The group looked at each other before all eyes turned to the entrance of the underground burrow where they lived. It was a network of tunnels with a few centralized areas of common-use – dining room, living room, and the like.
They hadn’t noticed it because they were all goofing off, but with the silence, they could hear the ethereal, yet amateurish sounds of a wind instrument from the general direction of the burrow.
“Every boy for themselves except Andy and Syril?”
They all made their way into the water. Tol fought to block Blaze. The twins, who weren’t twins at all, patrolled the basket, and odd Koala out wandered in a few minutes after the fact.
Life in the secluded desert was good. And fun.
Because it was just them and nobody else.
There were some issues with the dessert, mostly because of that key word secluded – and the boys were about to find out real fast what exactly what all entailed.

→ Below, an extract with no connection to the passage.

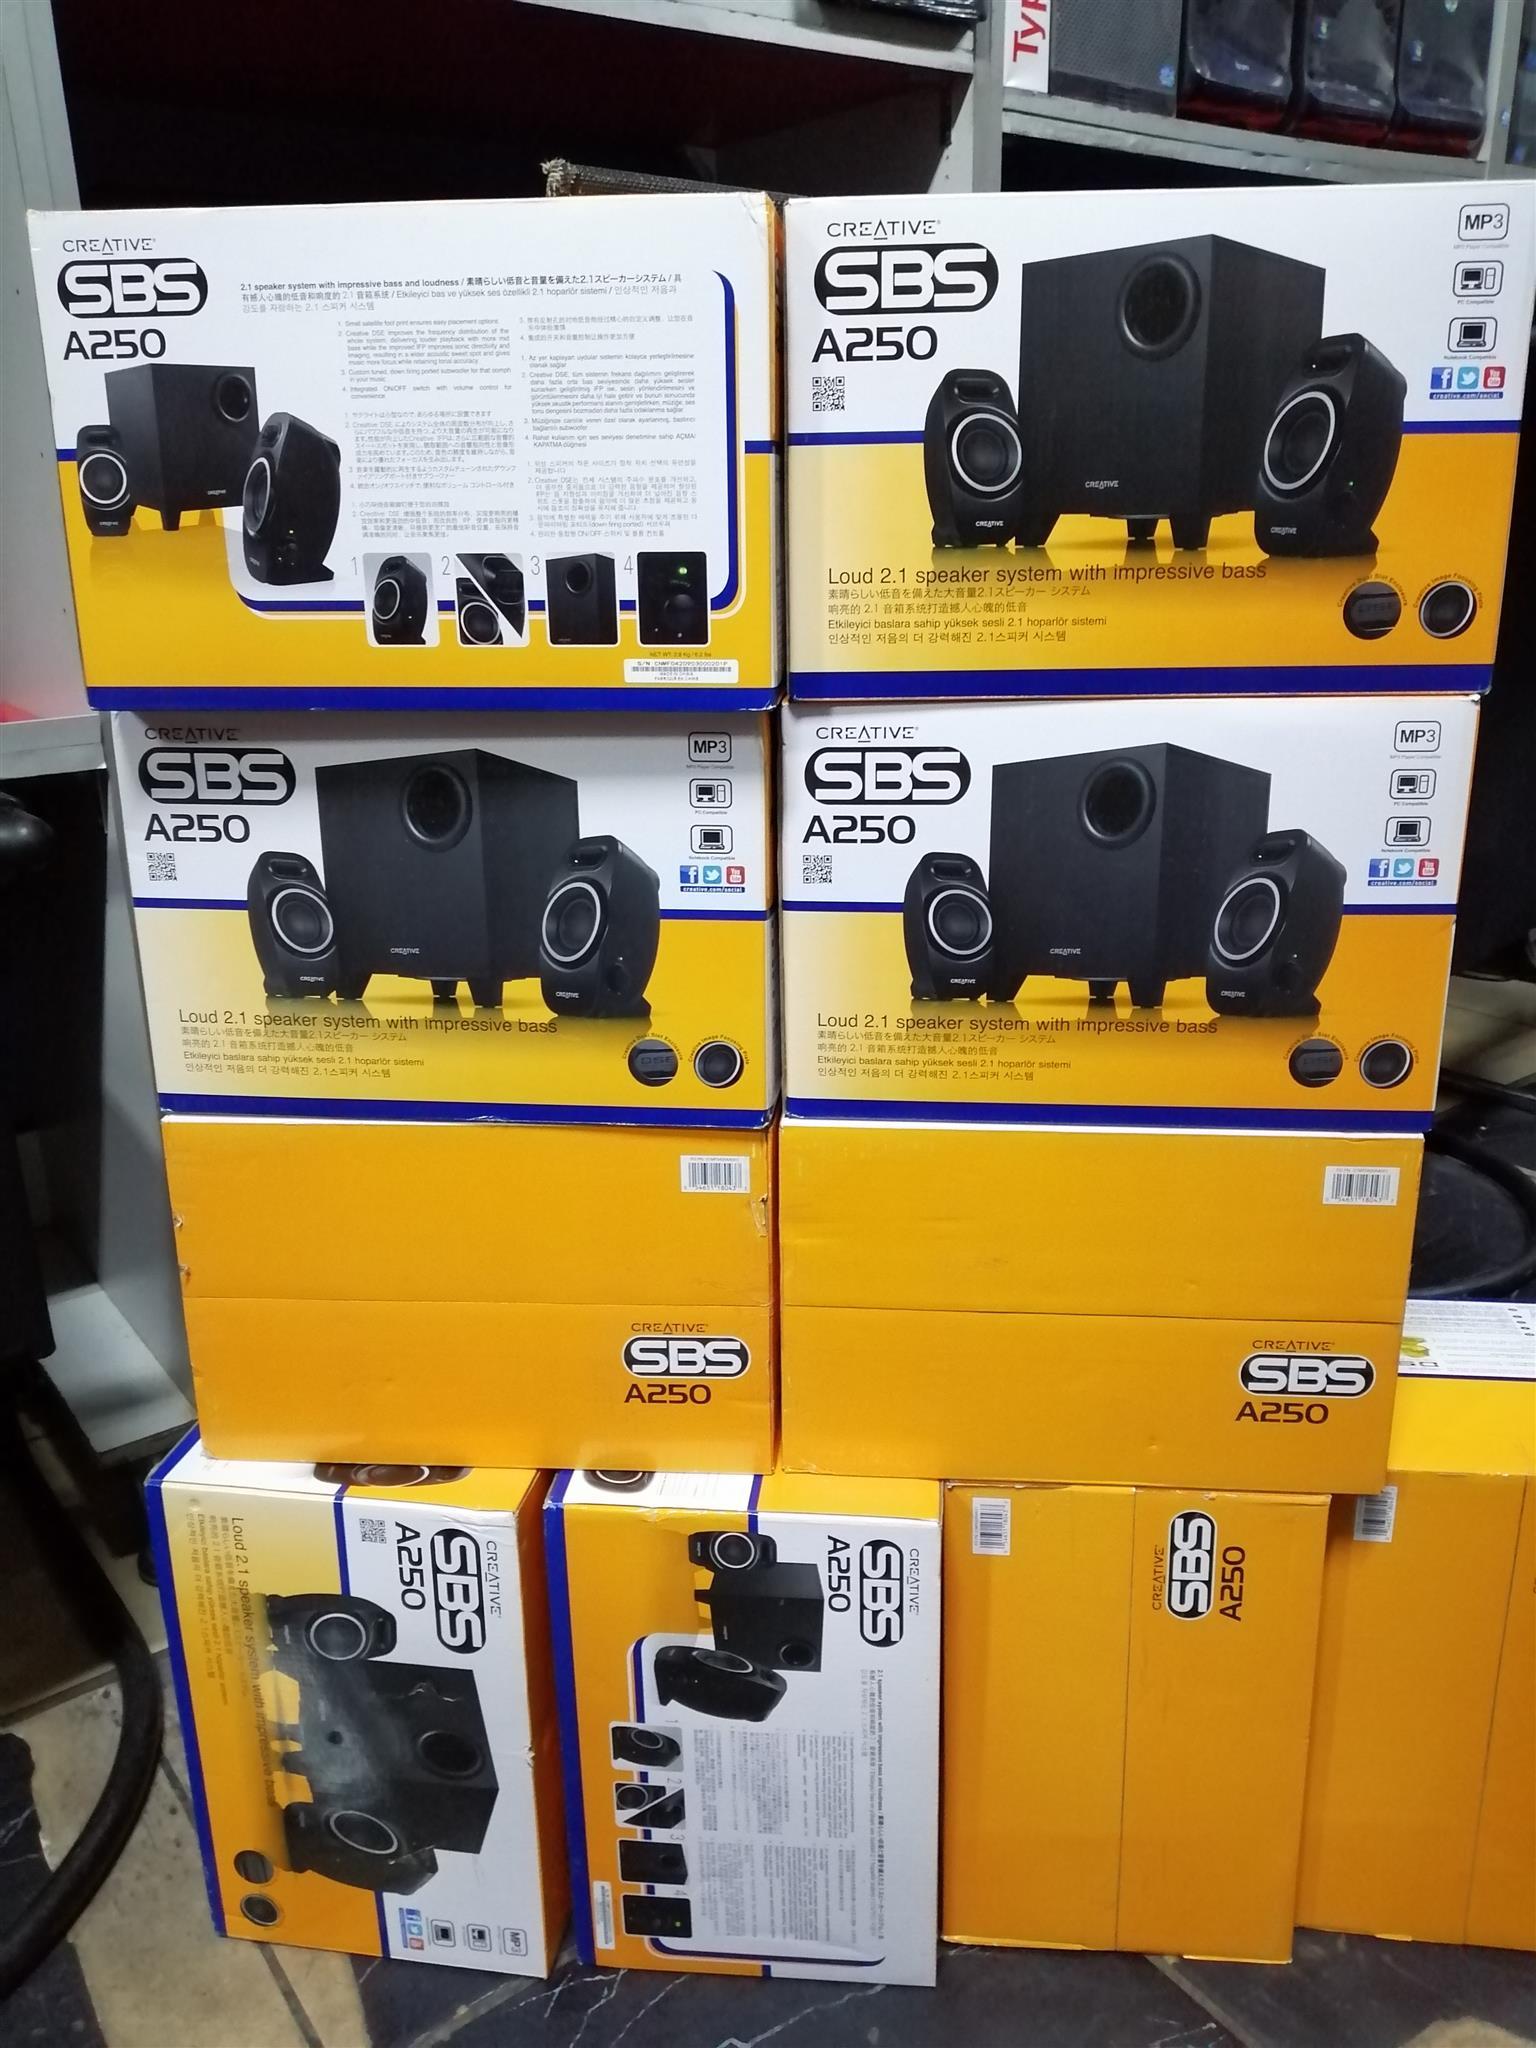 Creative SBS A250 2.1 Desktop Speakers - Black

In Australia, in the remoteness of all points nowhere, there is a little limitation on supplies. They made due with what they had. Trips to the city, or any local establishment, were usually conducted by their fathers’, leaving them all alone. They got along quite well though, usually entertaining themselves with this or that or that other thing. Of course, because the family had such a close unity and predilection to all things involving a ball – soccer, basketball, rugby, somethings even volleyball, it meant that the primary supply the kids were most invested in were balls.
When they beat up, destroyed, lost, or otherwise mishandled balls, the fathers’ would put it into their normal supply run.
This all worked out well for the majority of their lives until today.
The wooden floating basketball hoop was a great idea, genius, especially because it was specifically made to encourage the children to learn how to swim and thus give their father, a biologically inclined swimmer, to feel proud of their children.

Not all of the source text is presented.